If I instead of constructing polynomials of minimal degree, construct series $f_i$ with minimal non-zero coefficient, we can proceed similarly in the proof and we get that

$$f_{n+1}-g \in I \setminus (f_1,\ldots,f_n)$$ is a series with higher-degree term than $f_{n+1}$. But I don´t see what the contradiction here is?

Any help on how to prove that $R[[x]]$ is noetherian by this route would be appreciated.

The other way to solve this would be to construct

$$I_0 = \text{coefficients of the first term in a formal power series}$$ $$\vdots$$ $$I_n = \text{coefficients of the n:th term in a formal power series}$$

then I think we get that $I_i$ is an ideal in $R$ so finitely generated with generators $$(a_{1,i},\ldots,a_{i,n_{i}}).$$

We can then construct

$$S_0 = \text{finite set of formal power series with coefficients of the first term which generates} \ I_0$$ $$\vdots$$ $$S_n = \text{finite set of formal power series with coefficients of the n:th term which generate} \ I_n$$ and then take $$S = \bigcup_{i = 1}^{n} S_i.$$

Now, we have that $S \subset I$, we want to show that $I \subset S$.

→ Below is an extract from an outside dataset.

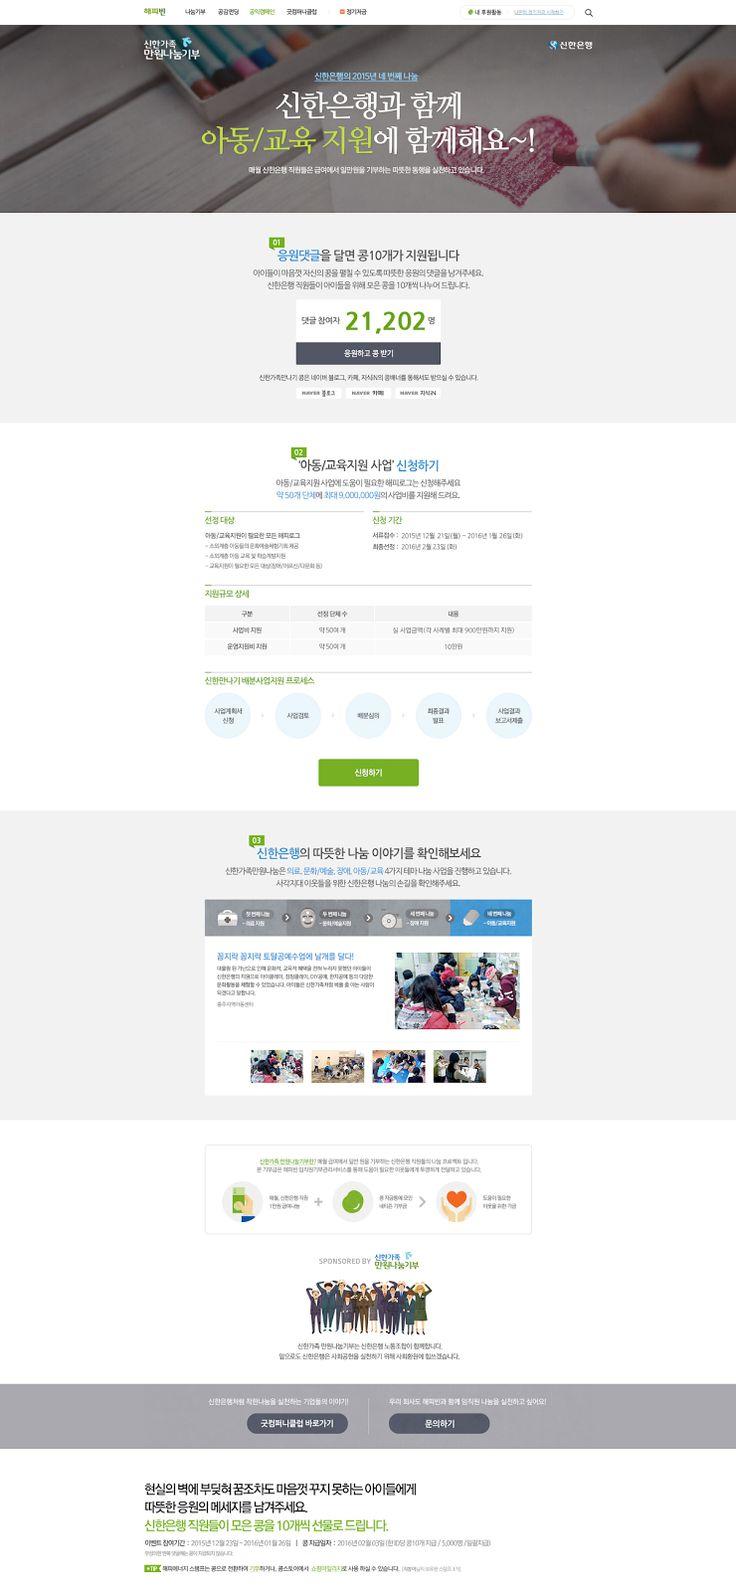 Gpresss: 신한은행 아동/교육 지원 캠페인

So let $$f = \sum_{k = 0}^{\infty} a_kx^k \in I.$$

Now, maybe I can proceed as follows:

We know that the coefficients stabilize, that is $I_n = I_{n+k}$ for $k \geq 0$ where our $n$ is choosen so that this holds.

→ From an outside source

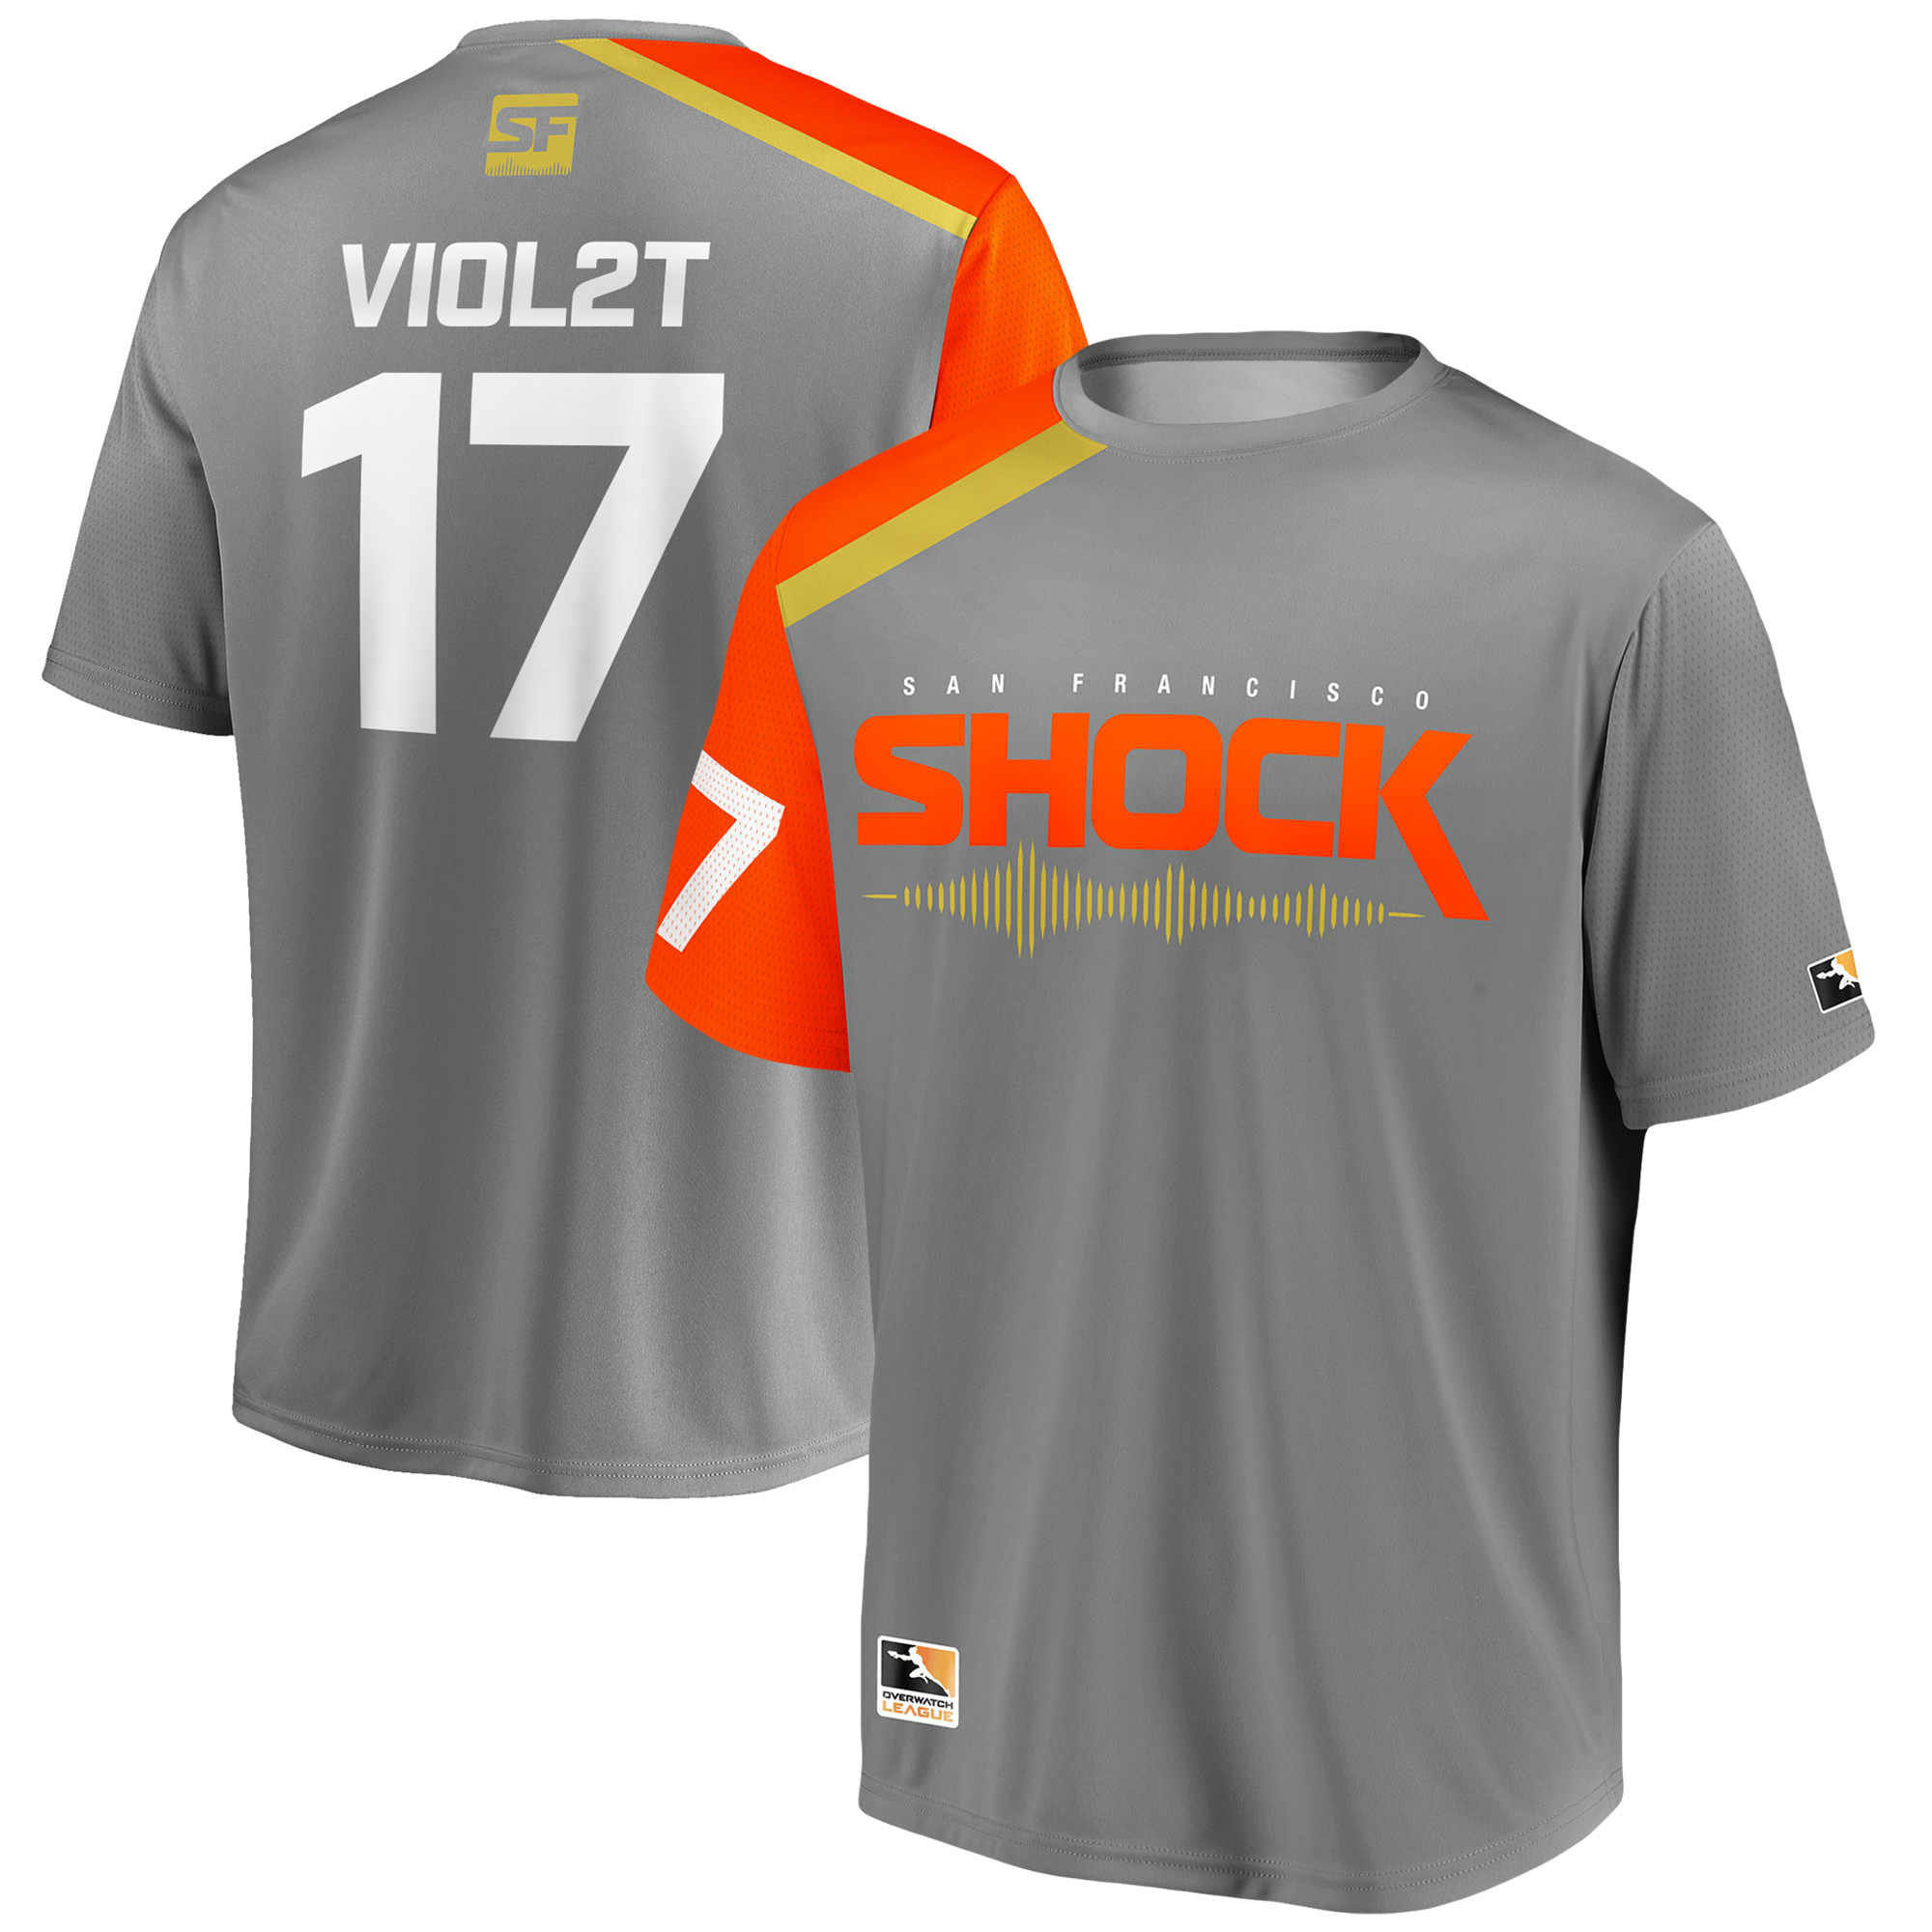 Viol2t San Francisco Shock Overwatch League Replica Home Jersey - Gray

Now, by the well-ordering of $\mathbb{N}$ there is a smallest non-zero coefficient $a_j$ of $f$,say $x^{j}$. Now if $j < n$ we have that there is a series $g_1 \in S$ such that $g_1$ has $a_j$ as a coefficient in front of $x^j$.

We then get that $f-g_jx^{j} = f_{j+1}$ has a smallest non-zero coefficient attached to $x^{j+1}$.

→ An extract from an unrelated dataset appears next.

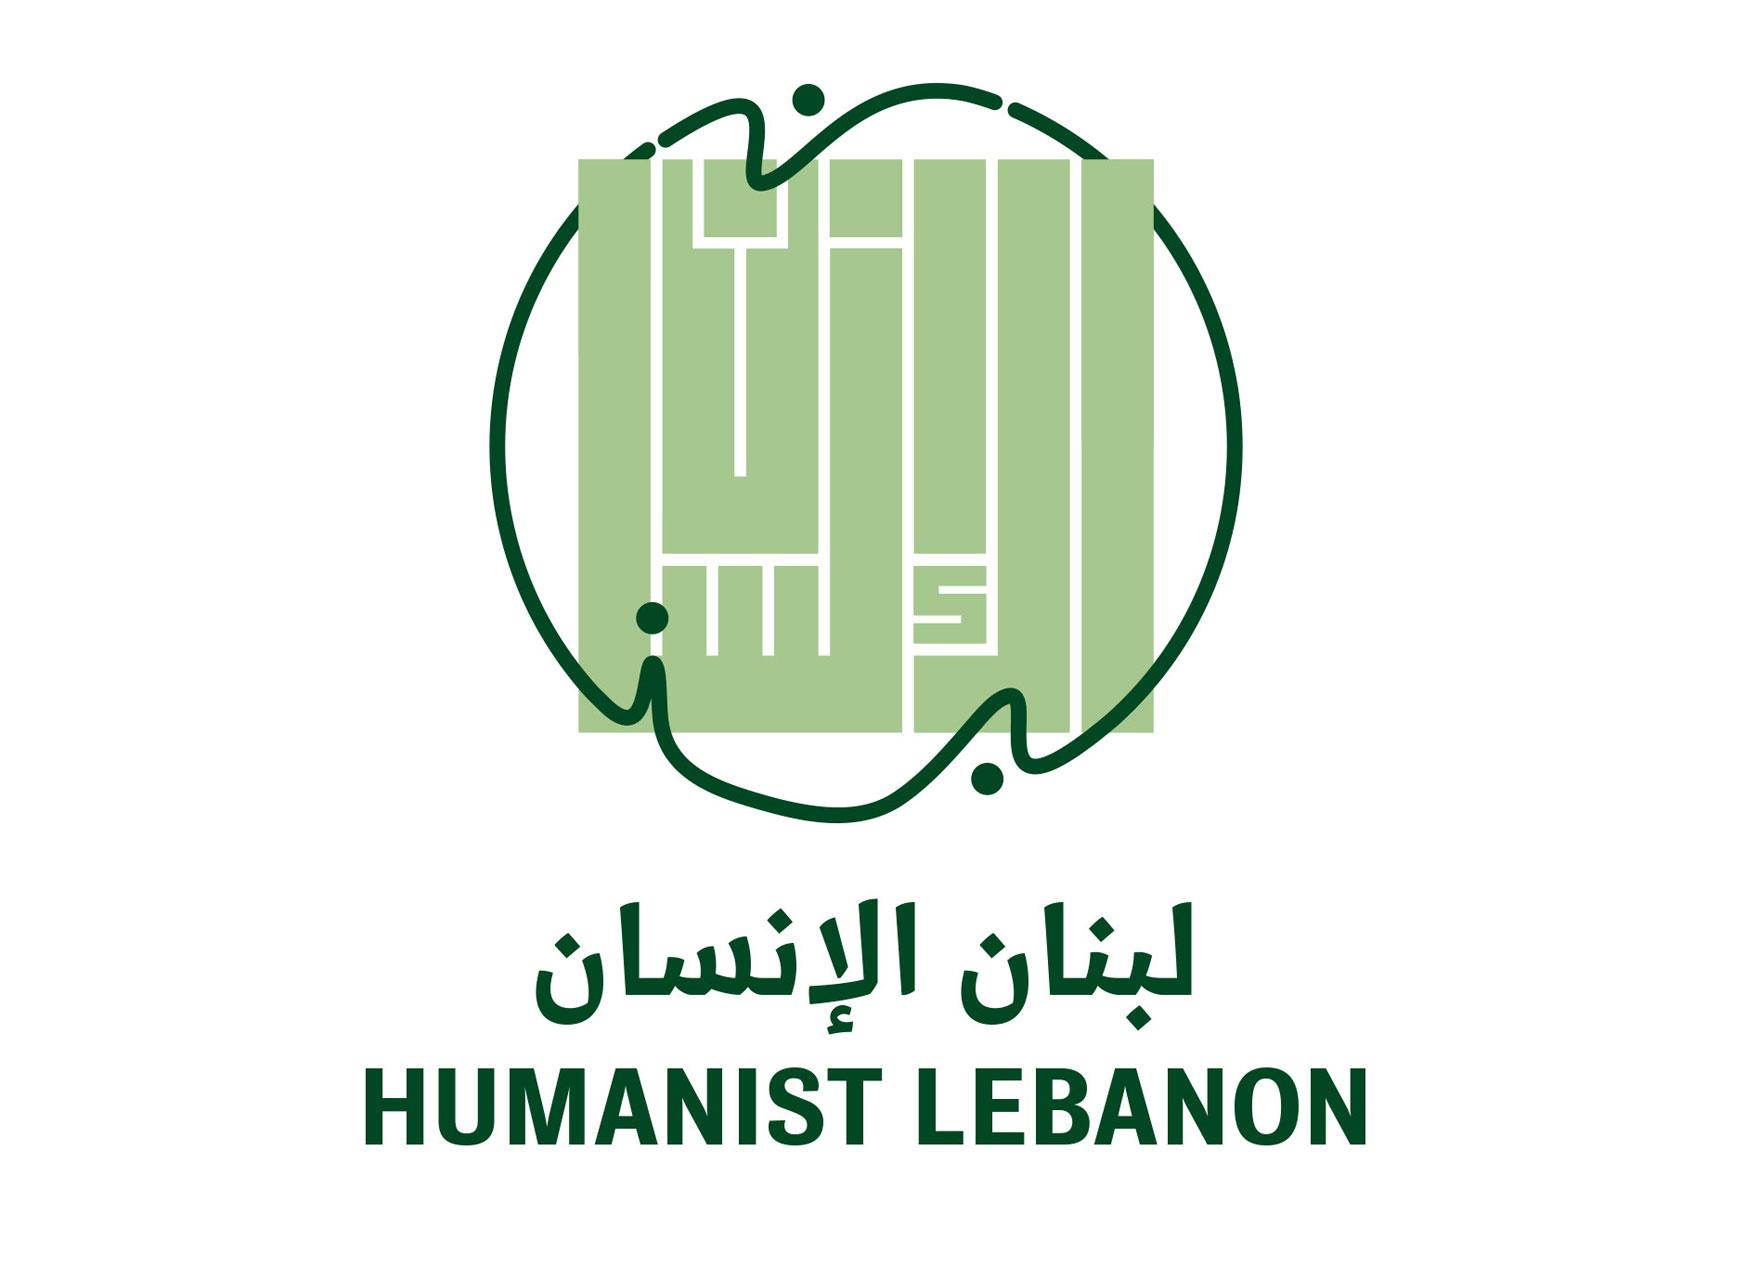 Humanist Lebanon

We can continue onward up to $j+k = n$. Again, we find $g_{j+k}x^{j+k}$ such that $$f-g_{j+k}x^{j+k} = f_{j+k+1}$$ has smallest non-zero coefficient attached to $x^{j+k+1}$. Now we note that $I_n = I_{j+k+1}$ so that there is a series $g_{j+k+1} \in S$ with coefficient $a_{j+k+1}$ in front of $x^n$ (if I am not mistaken) so that $$f_{j+k+1} - g_{j+k+1}x^{(j+k+1)-n} = f_{j+k+2}$$ is such that it´s a series with smallest non-zero coeffecient being the coefficient of $x^{j+k+2}$. Inductively, I believe we can thus write every element in $f$ as a series where each term is a linear combination of elements in $S$.

If $j \geq n$ then we can proceed similarly as in the last step above, since $I_n = I_{j}$.

Hence we find that $I \subset J$ so that $I = S$. Since $S$ is a finite union of power series, it is finitely generated, hence $I$ is finitely generated.

Is this the correct idea?